> **Material shown**
• • • • • • •

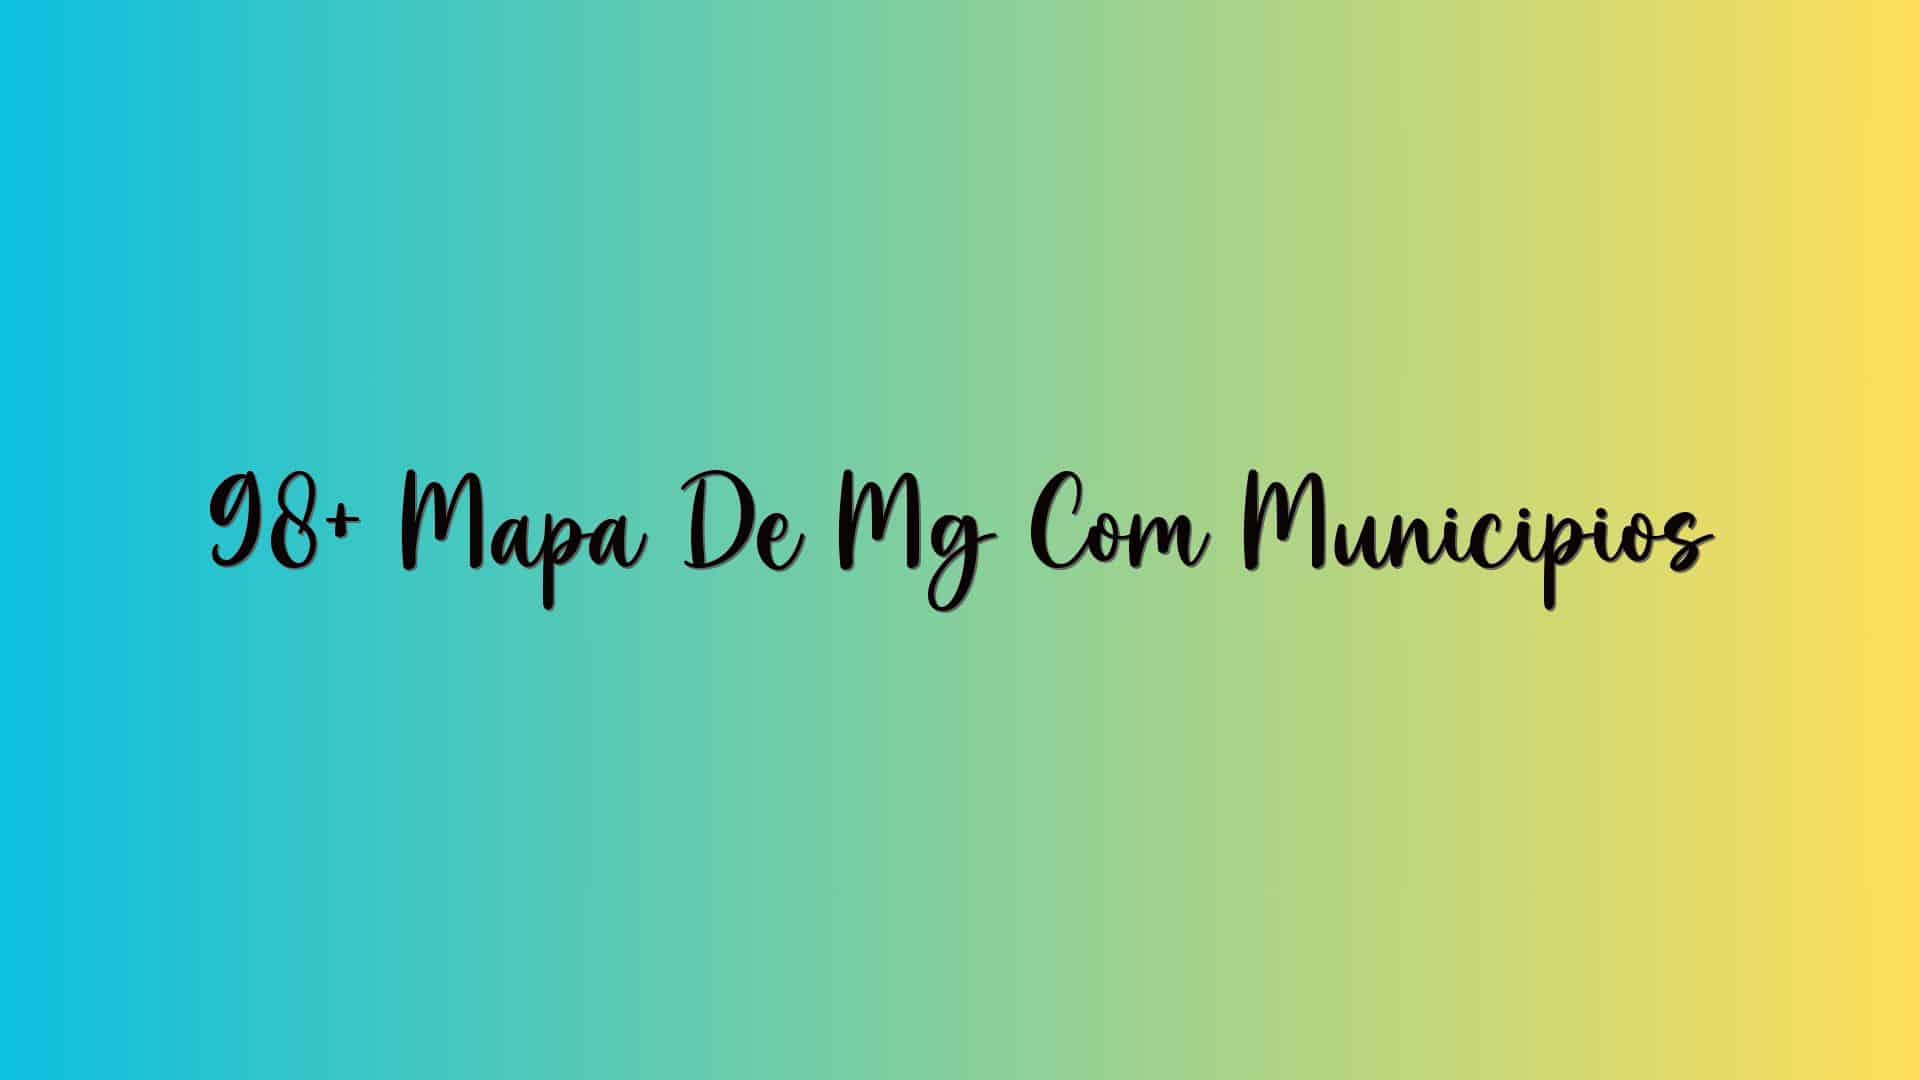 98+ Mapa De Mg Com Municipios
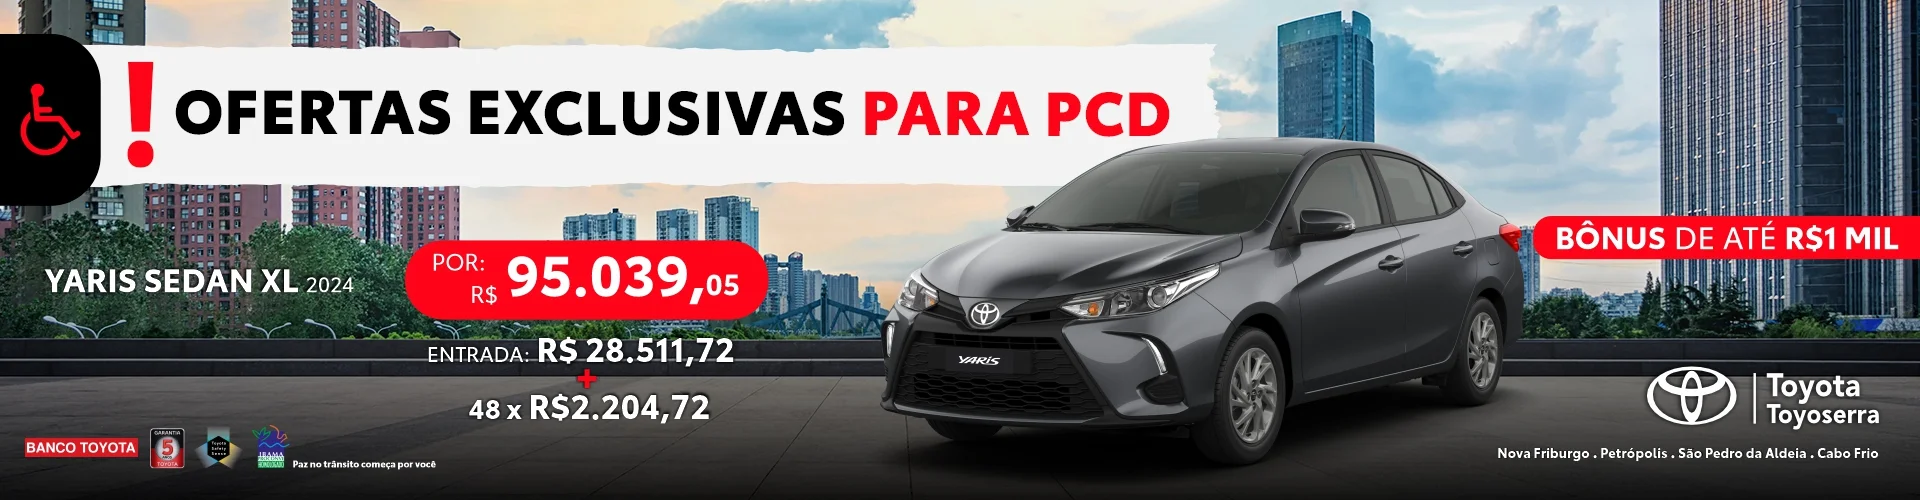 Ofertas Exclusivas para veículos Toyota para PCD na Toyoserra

• • • • • • •

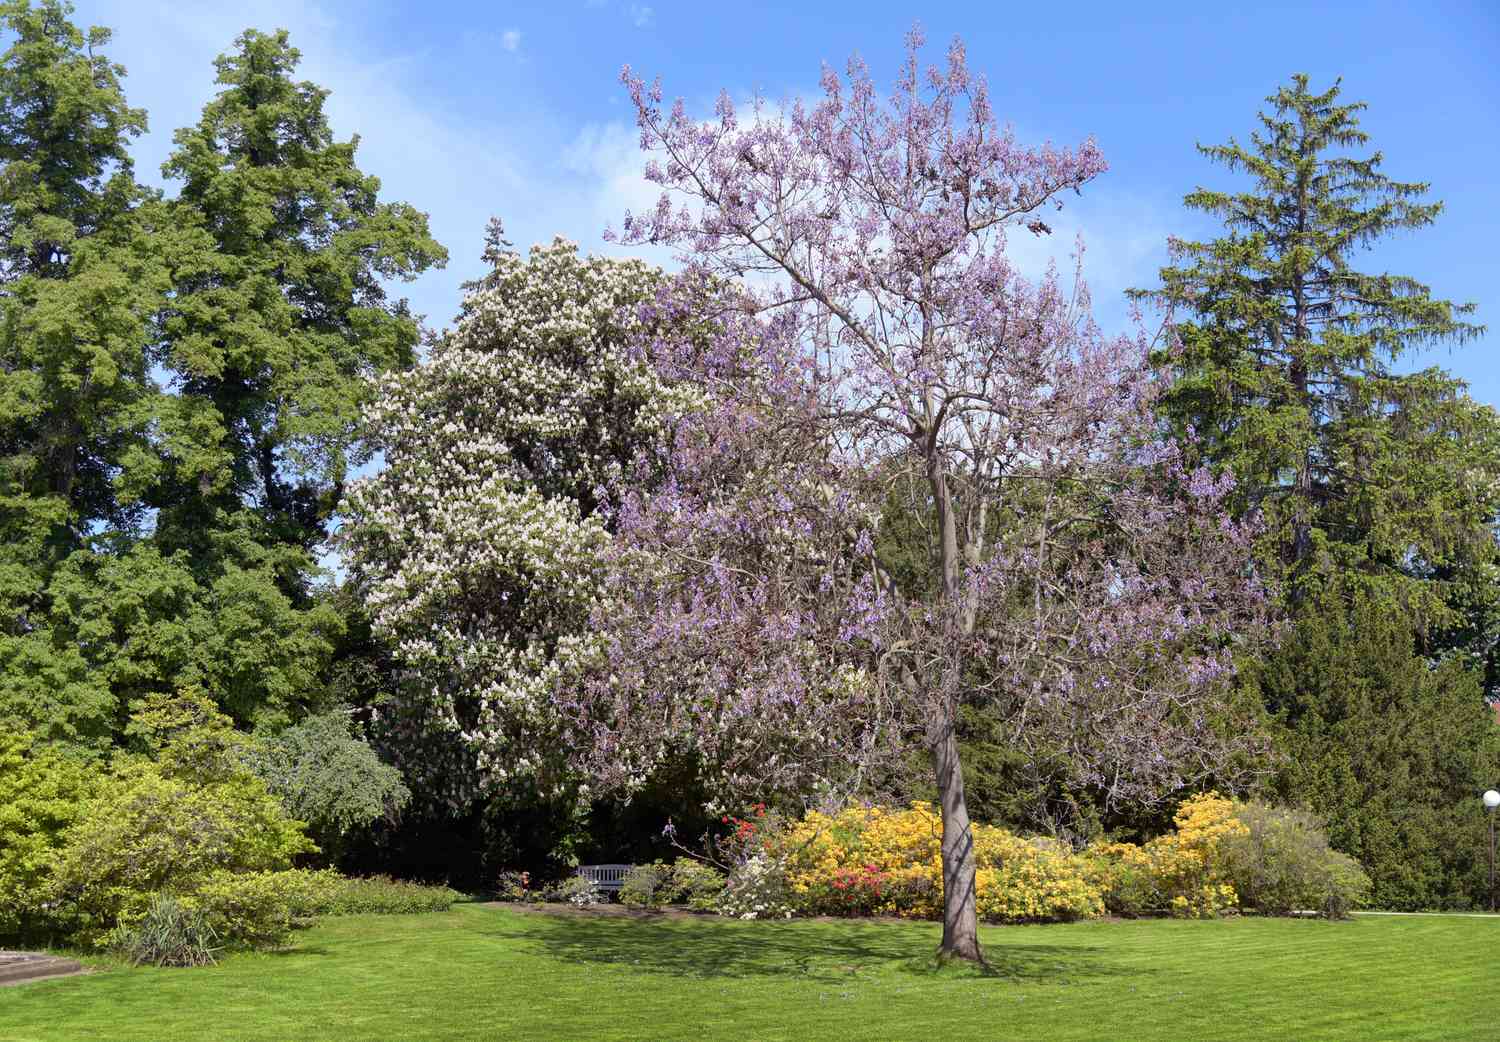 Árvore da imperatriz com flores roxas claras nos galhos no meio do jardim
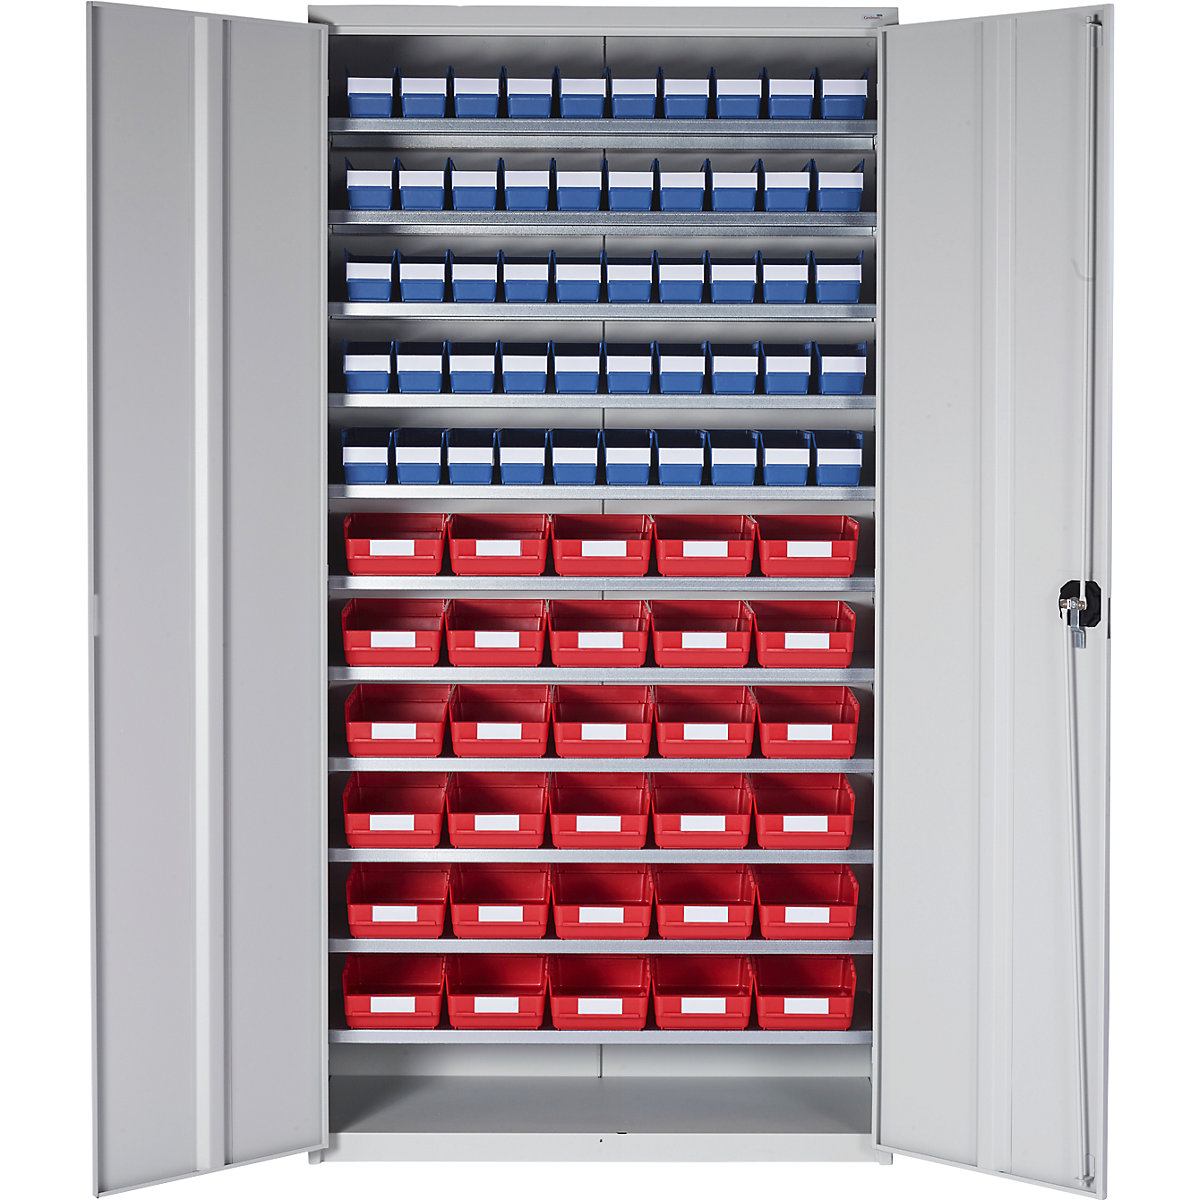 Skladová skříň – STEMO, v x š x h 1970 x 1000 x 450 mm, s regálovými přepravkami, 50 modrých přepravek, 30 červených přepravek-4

• • • • • • •

Of the records above, print only the lines from the one containing "98+ Mapa De Mg Com Municipios" through the one containing "Ofertas Exclusivas para", inclusive and unaltered, leaving out pictures.

 98+ Mapa De Mg Com Municipios
 Ofertas Exclusivas para veículos Toyota para PCD na Toyoserra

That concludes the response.